The combination of this study of temperature and the team’s previous work on the impact of iron come together to show that both factors influence the lifestyle and virulence of V. vulnificus. Whilst some virulence factors are influenced by temperature (growth ability and motility, for example), the main toxins and enzymes that are known to lead to death from sepsis are both influenced by iron levels but not temperature. Higher ocean temperatures caused by climate change allow the bacteria to be in higher concentrations in the environment, increasing the probability of infection and, at the same time, activating traits allowing them to more effectively infect fish and humans. Then, iron concentration in the host blood (low in healthy fish and high in susceptible humans) leads to the production of factors which, together, cause sepsis.

How One Type of Bacteria Can Infect Two Very Different Hosts

Very few pathogens can cause similar diseases in evolutionary distant host species. V. vulnificus can cause sepsis in both fish and humans – two very different organisms. To understand this, Dr Amaro and Dr Hernández-Cabanyero compared the genes expressed by a zoonotic strain of V. vulnificus, known to be able to infect both eels and humans, in the blood of both species. They discovered that high levels of iron were needed for infection only in human blood, showing that different mechanisms are activated in different host organisms, and highlighting the role of iron as a marker that triggers host-specific virulence.

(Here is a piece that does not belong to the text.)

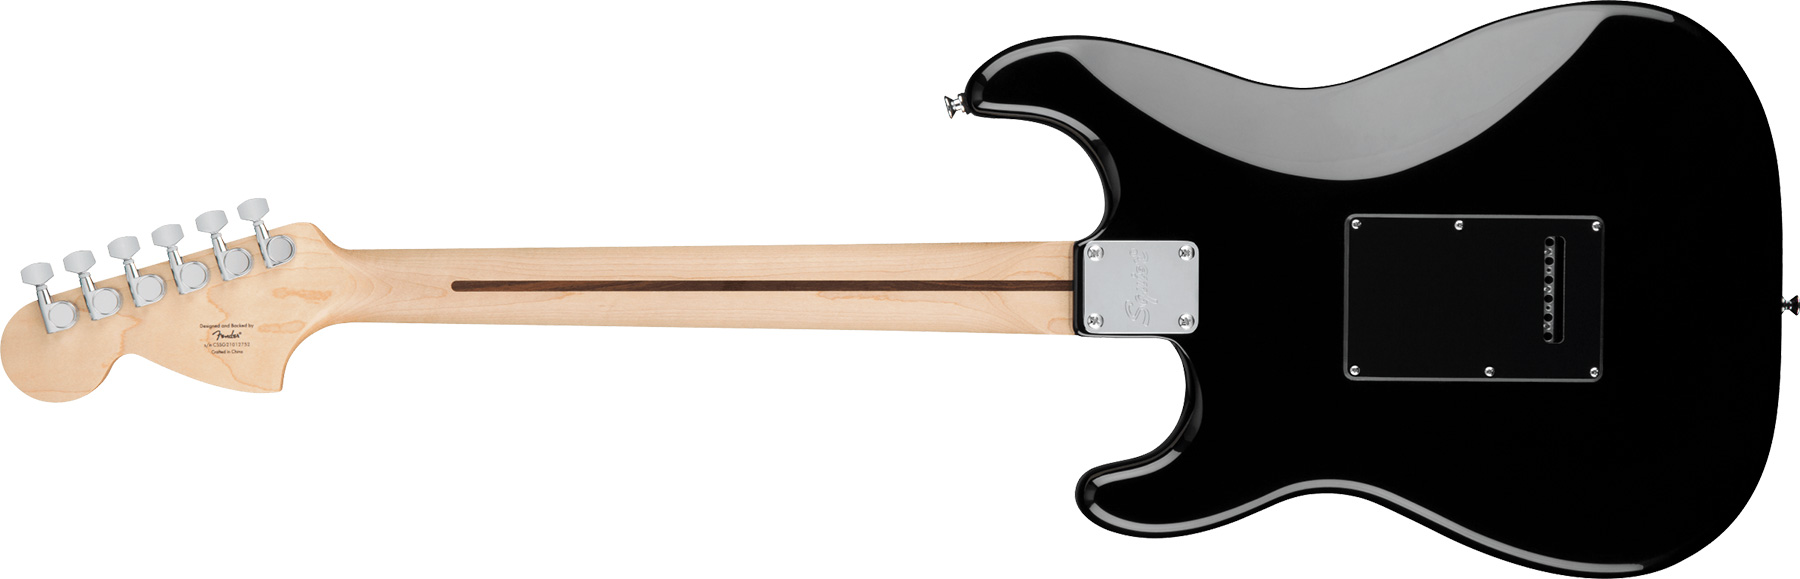 Squier Strat Affinity Black Pickguard Fsr Ltd Hss Trem Lau - Black - E-Gitarre in Str-Form - Variation 1

When in human blood containing high levels of iron (susceptible humans), V. vulnificus produces an envelope with a thick protective capsule – a layer of slime that protects the bacteria from the host immune system and produces toxins that aggravate sepsis. When in human blood without high iron levels (healthy humans), the bacteria were not able to produce this thick capsule layer and were unable to grow in blood. This is why sepsis is more likely to occur in people with high blood iron.

In contrast, when V. vulnificus infected eels, it produced an envelope which contained two outer membrane proteins specific for fish. The researchers have described these two outer membrane proteins as a ‘survival in fish blood kit’, as they protect the bacteria from the fish immune system, allowing it to replicate within the fish bloodstream, and then cause severe disease symptoms.

Other scientists’ work has shown that these zoonotic strains cause rapid death in mammals by cytokine storm sepsis, but little is known about V. vulnificus disease development in fish. Cytokines are proteins produced by immune cells, such as leukocytes, to help regulate and coordinate the body’s defence against infection. In a cytokine storm, too many cytokines are produced, and this damages tissues and can ultimately lead to organ failure.

To understand how V. vulnificus kills fish, the team again used an eel model. They found that V. vulnificus triggers a strong but unusual inflammatory response in which red blood cells seem to play an active role. As well as providing information on disease progression, this study informed the design of a diagnostic assay for the early detection of V. vulnificus sepsis in fish, which could be very helpful in preventing the spread of the disease in fish farms – frequent ‘hotspots’ for V. vulnficus outbreaks.

The Future of Vibrio vulnificus

Dr Amaro’s and Dr Hernández-Cabanyero’s work on V. vulnificus has provided important information on its survival, both in the environment and host, and its ability to cause disease. As our oceans grow warmer, V. vulnificus will be able to infect fish and humans across an even broader geographical range, with important ramifications for both food security and public health. The more we understand about this unique pathogen, the better equipped we are to prevent and treat the disease.